- **Required work**: Reproduce exactly, and only, the lines of the material below running from the line bearing "EINMALIGE VERWENDUNG Gender" through the line bearing "Last Stop Saloon". Leave any pictures out.

- **Records provided**:
########
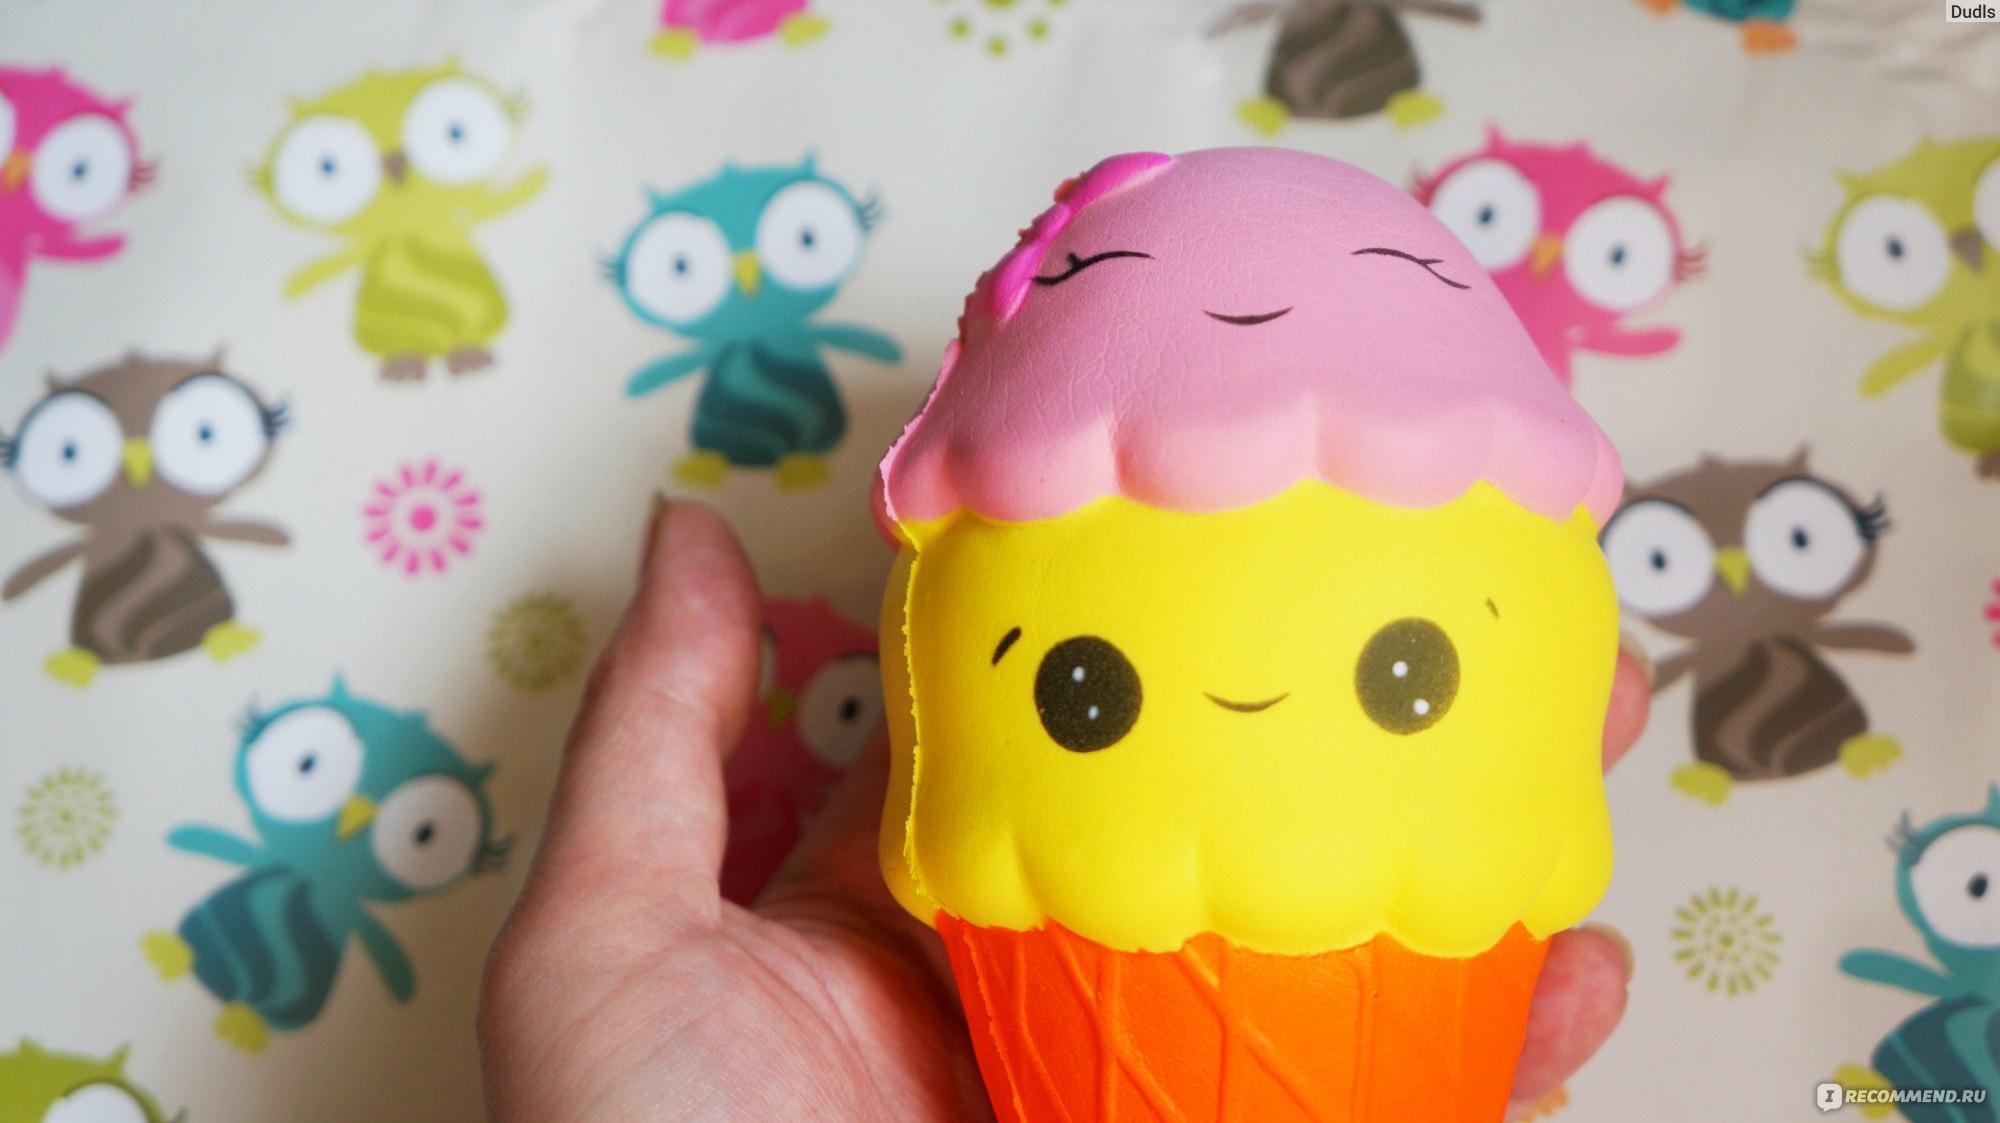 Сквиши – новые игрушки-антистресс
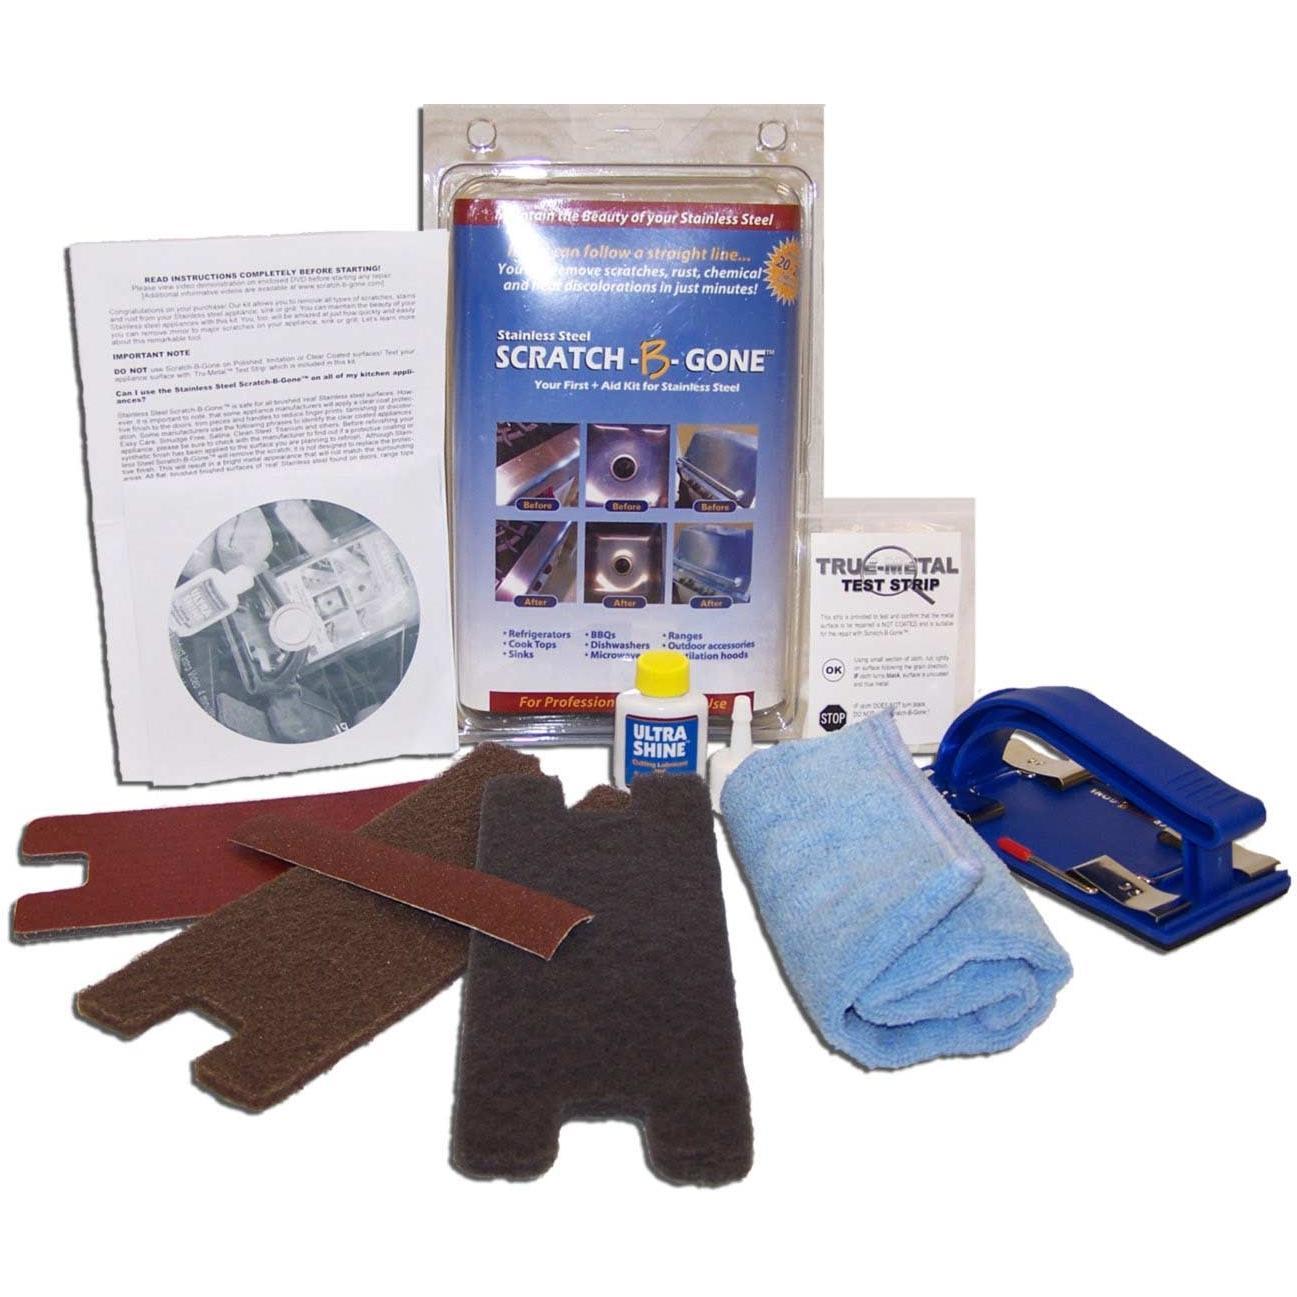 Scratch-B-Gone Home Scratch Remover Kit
########
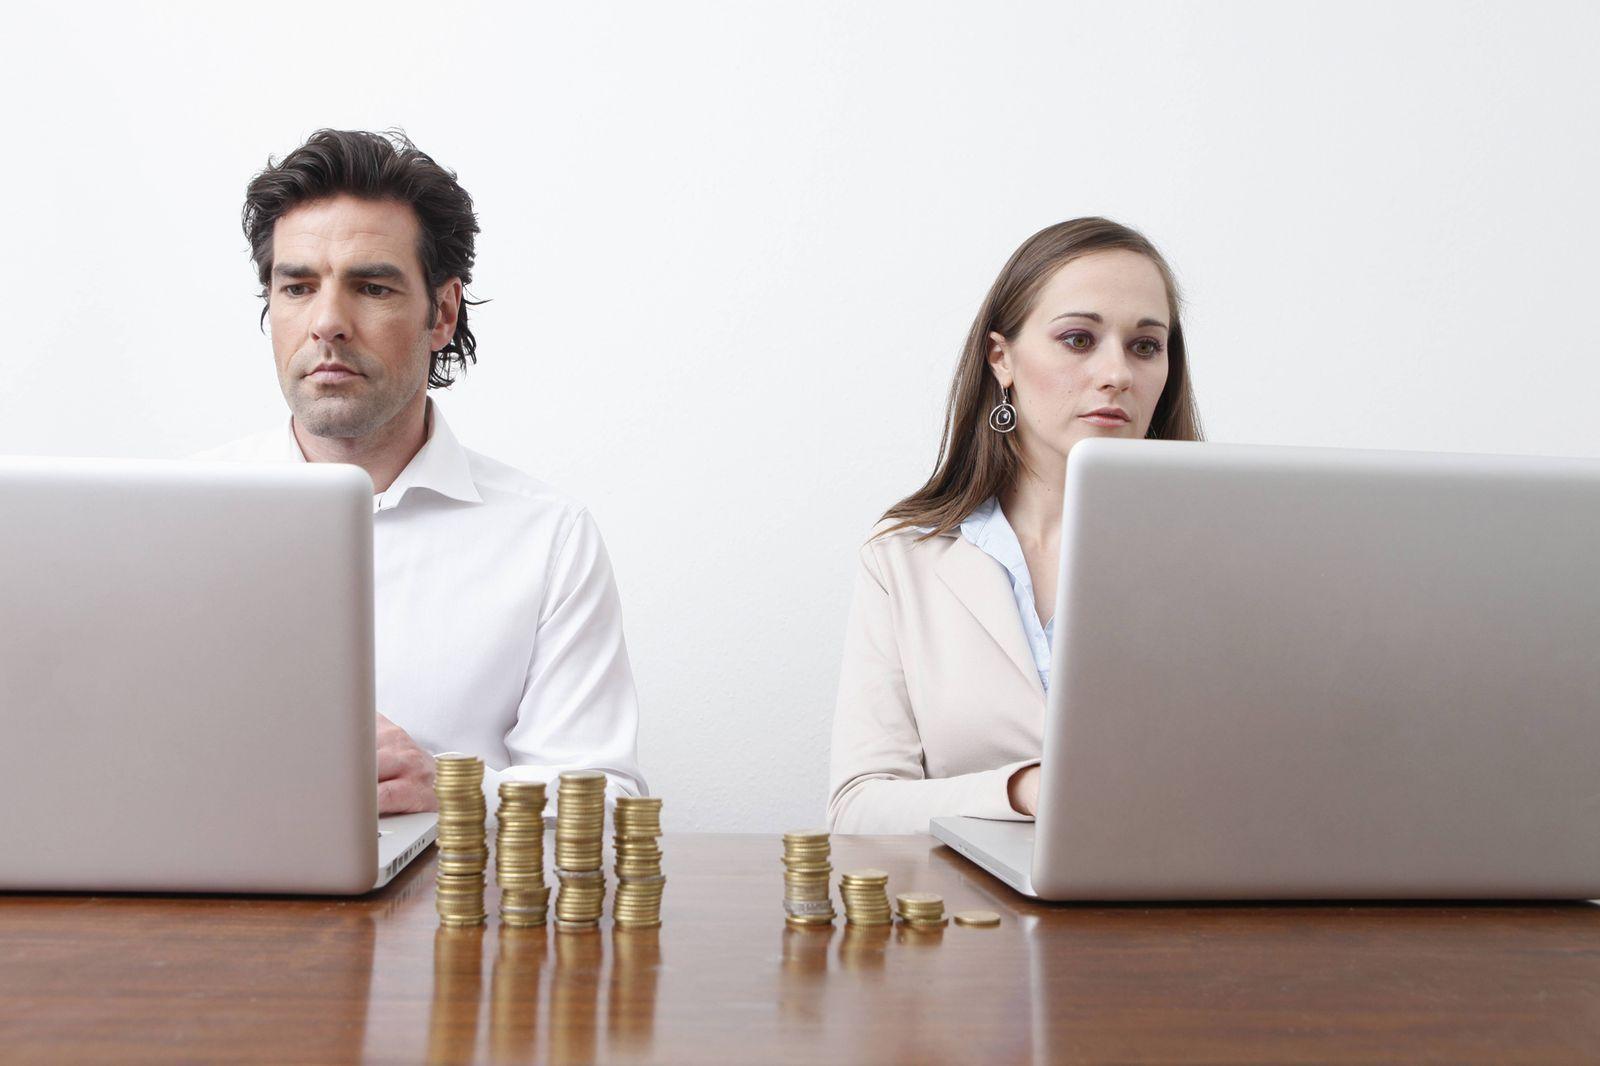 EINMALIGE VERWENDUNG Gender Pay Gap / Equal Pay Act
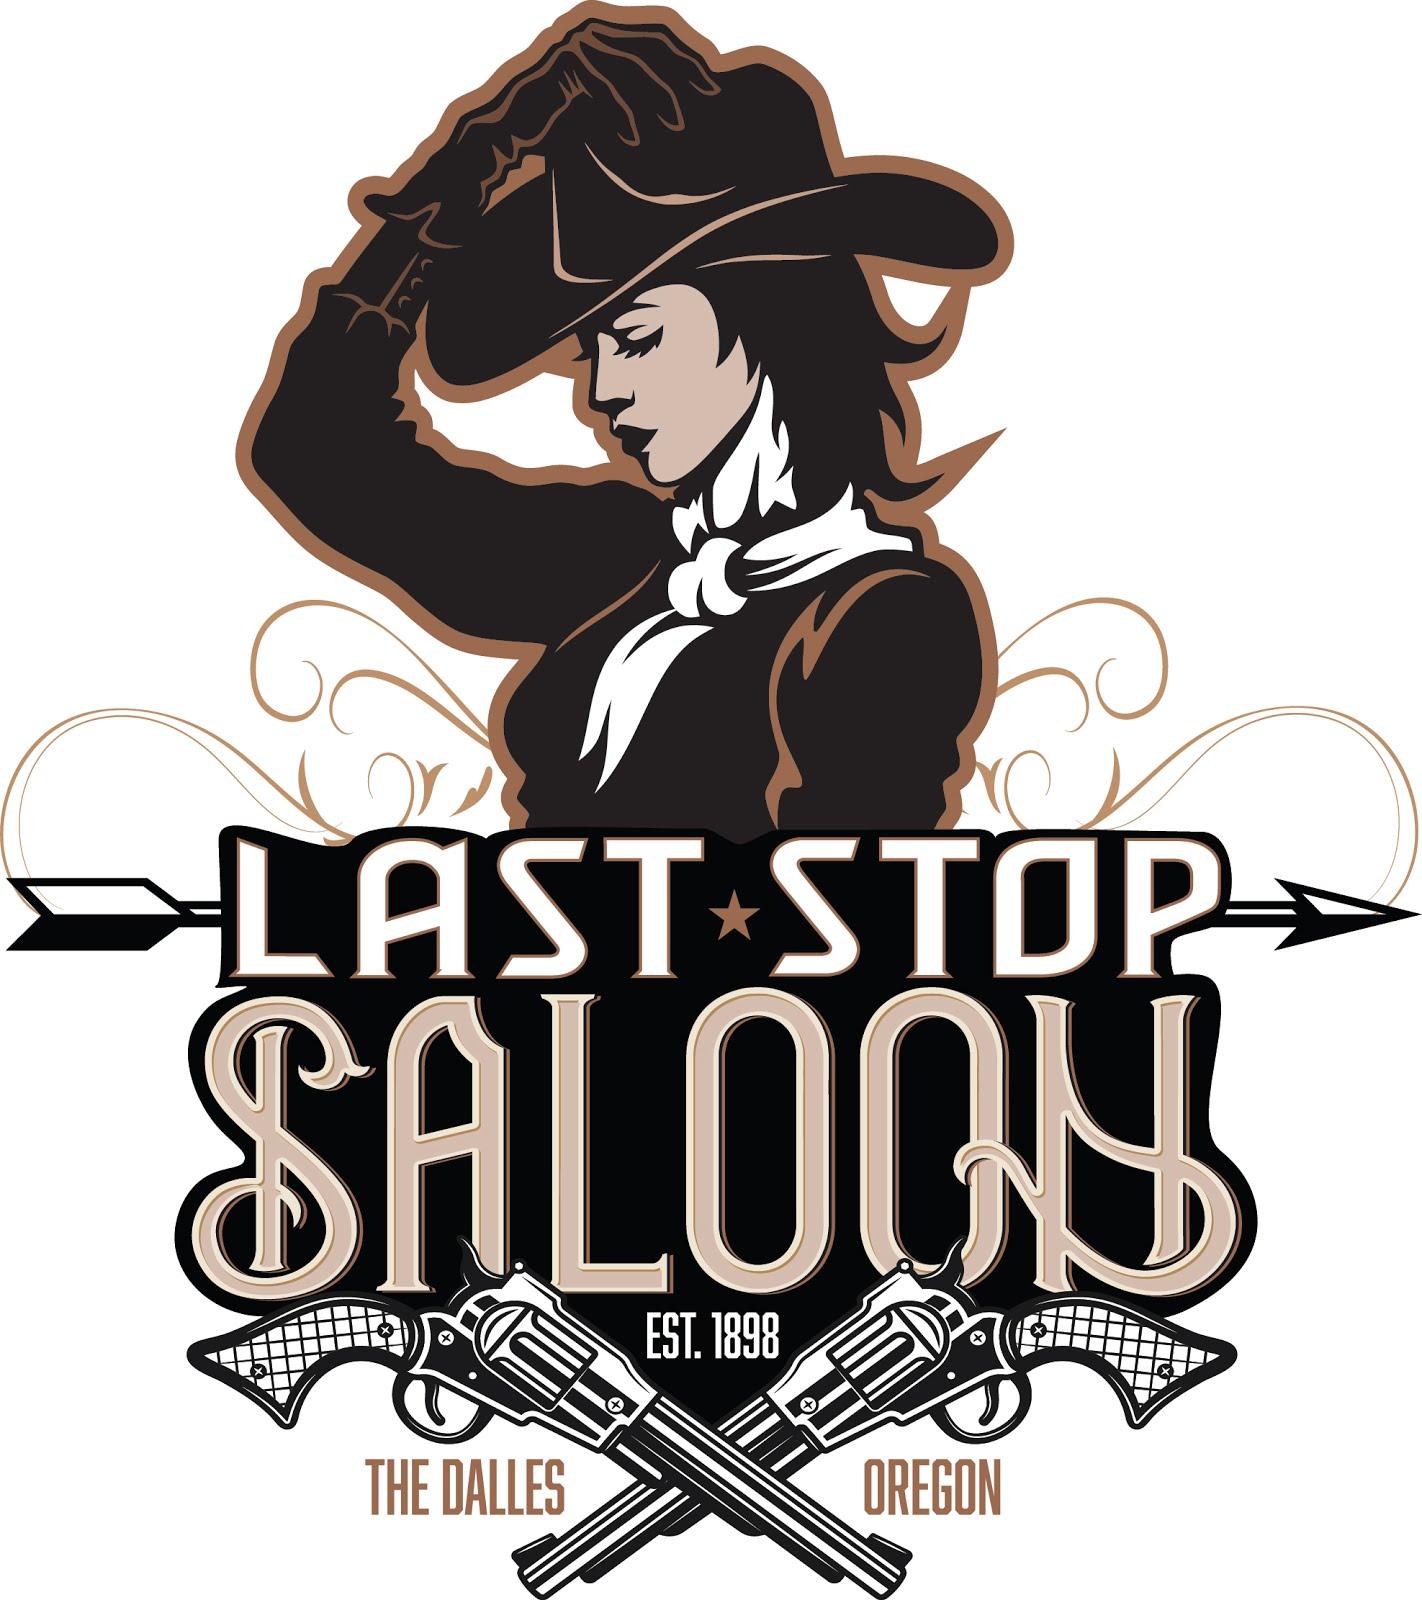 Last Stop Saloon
########
- **Output of the exercise**:
 EINMALIGE VERWENDUNG Gender Pay Gap / Equal Pay Act
 Last Stop Saloon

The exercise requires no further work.